In both the row-based and value-based cases, the OLAP function is calculated on the contents of this window frame, rather than the fixed contents of the whole partition. The window frame does not need to contain the current row. For example, the following specification defines a window frame that contains only the row before the current row:
ROWS BETWEEN 1 PRECEDING AND 1 PRECEDING
ROWS BETWEEN UNBOUNDED PRECEDING AND UNBOUNDED FOLLOWING
ROWS BETWEEN UNBOUNDED PRECEDING AND CURRENT ROW
Example: SUM function without a window frame
The following query returns the sales by quarter for one year and the cumulative sum of the sales by quarter.
SELECT sales, SUM(sales) OVER (ORDER BY quarter)
FROM sales WHERE year = 2013
sales (sum)
120 120
135 255
127 382
153 535
The sum of the sales for the fourth quarter is equal to the sales in all four quarters.

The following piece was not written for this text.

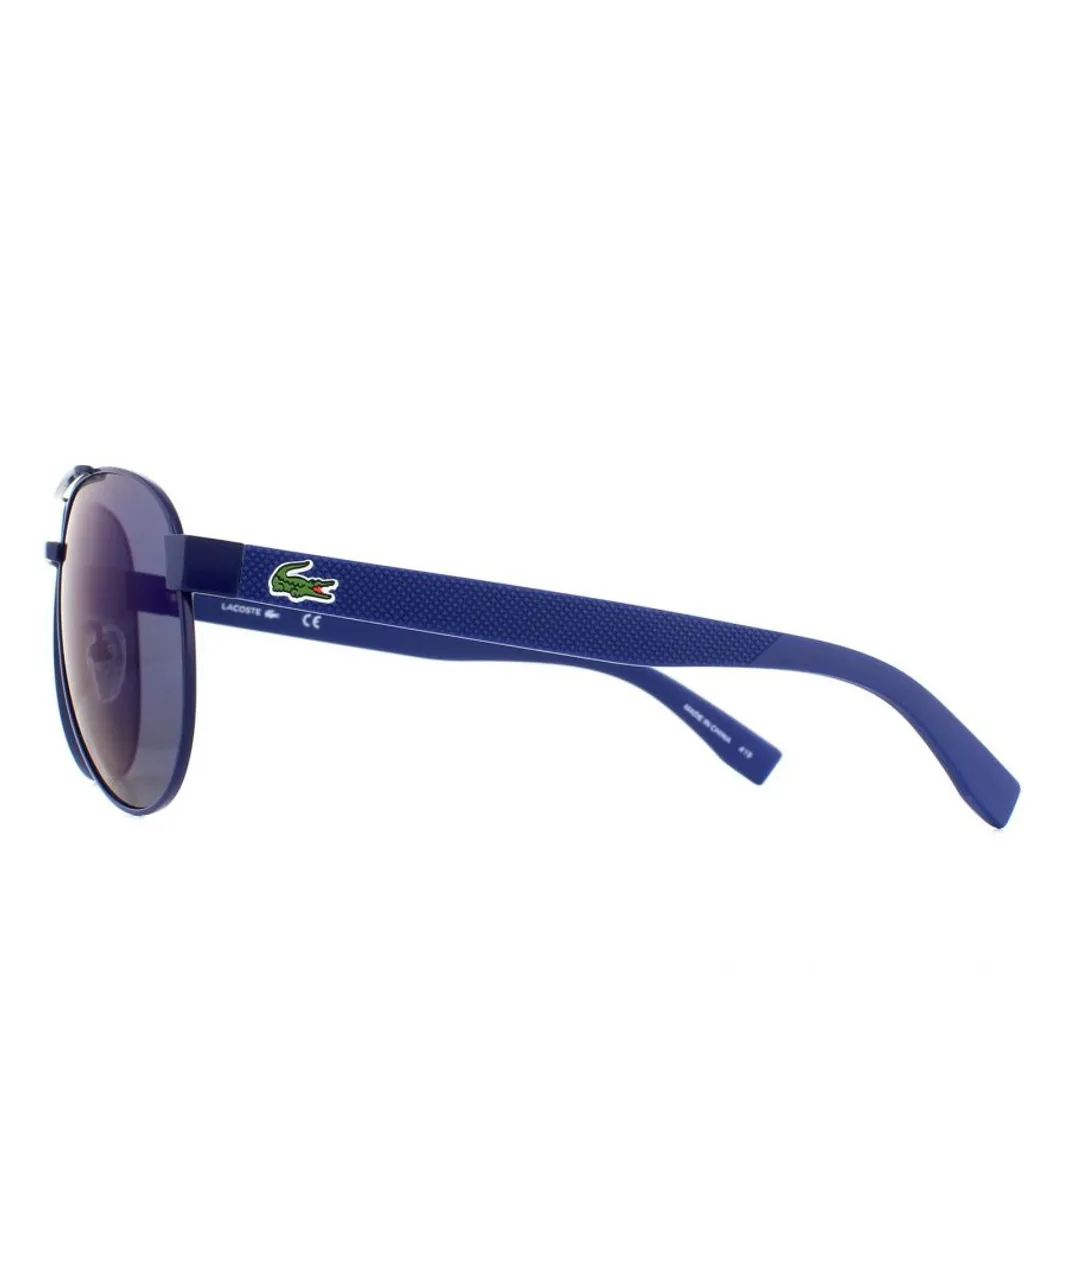 Lacoste Mens Classic Aviator Sunglasses - Blue

Because the query does not include a window frame clause, the SUM function operates on the entire result set, as specified by the FROM clause.
Example: Row-based window frame
The following query returns players that are partitioned by teams and ordered by the number of points. Within each partition, the number of points for the player and the previous player are averaged:
SELECT team, player, points,
AVG(points) OVER(PARTITION BY team ORDER BY points
ROWS 1 PRECEDING AND CURRENT ROW) AS olap_avg
FROM points;
TEAM PLAYER POINTS OLAP_AVG
A Singh 7 7.00000000000
A Smith 14 10.50000000000
B Osaka 8 8.00000000000
B Ricci 12 10.00000000000
B Baxter 18 15.00000000000
C Chun 13 13.00000000000
D Kwan 9 9.00000000000
D Tran 16 12.50000000000
Example: Range-based window frame
The following query returns players that are partitioned by teams and ordered by age. Within each partition, the number of points for each player and any player who is up to 9 years older is averaged:
SELECT player, age, team, points,
AVG(points) OVER(PARTITION BY team ORDER BY age
RANGE BETWEEN CURRENT ROW AND 9 FOLLOWING) AS olap_avg
FROM points_age;
PLAYER AGE TEAM POINTS OLAP_AVG
Singh 25 A 7 10.50000000000
Smith 26 A 14 14.00000000000
Baxter 27 B 18 13.00000000000
Osaka 35 B 8 10.00000000000
Ricci 40 B 12 12.00000000000
Chun 21 C 13 13.00000000000
Kwan 22 D 9 12.50000000000
Tran 31 D 16 16.00000000000
In partition A, the average for Singh includes the points for Smith, because Smith is one year older than Singh. The average for Smith does not include the points from Singh, because Singh is younger than Smith.
In partition B, the average for Baxter includes the points for Osaka, who is 8 years older than Baxter, but not for Ricci, who is 13 years older than Baxter.
In partition D, the average for Kwan includes the points for Tran, because Tran is 9 years older than Kwan.
Example: Window frame without the current row
The following query calculates the average number of points for the preceding two rows in the partition:
SELECT player, age, team, points,
AVG(points) OVER(PARTITION BY team ORDER BY age
ROWS BETWEEN 2 PRECEDING AND 1 PRECEDING) AS olap_avg
FROM points_age;
PLAYER AGE TEAM POINTS OLAP_AVG
Singh 25 A 7 NULL
Smith 26 A 14 7.00000000000
Baxter 27 B 18 NULL
Osaka 35 B 8 18.00000000000
Ricci 40 B 12 13.00000000000
Chun 21 C 13 NULL
Kwan 22 D 9 NULL
Tran 31 D 16 9.00000000000
In partition B, the average for Ricci is based on the points totals for Baxter and Osaka: (18 + 8 = 26)/2 = 13. When the current row has no preceding rows to use for the calculation, the result is NULL.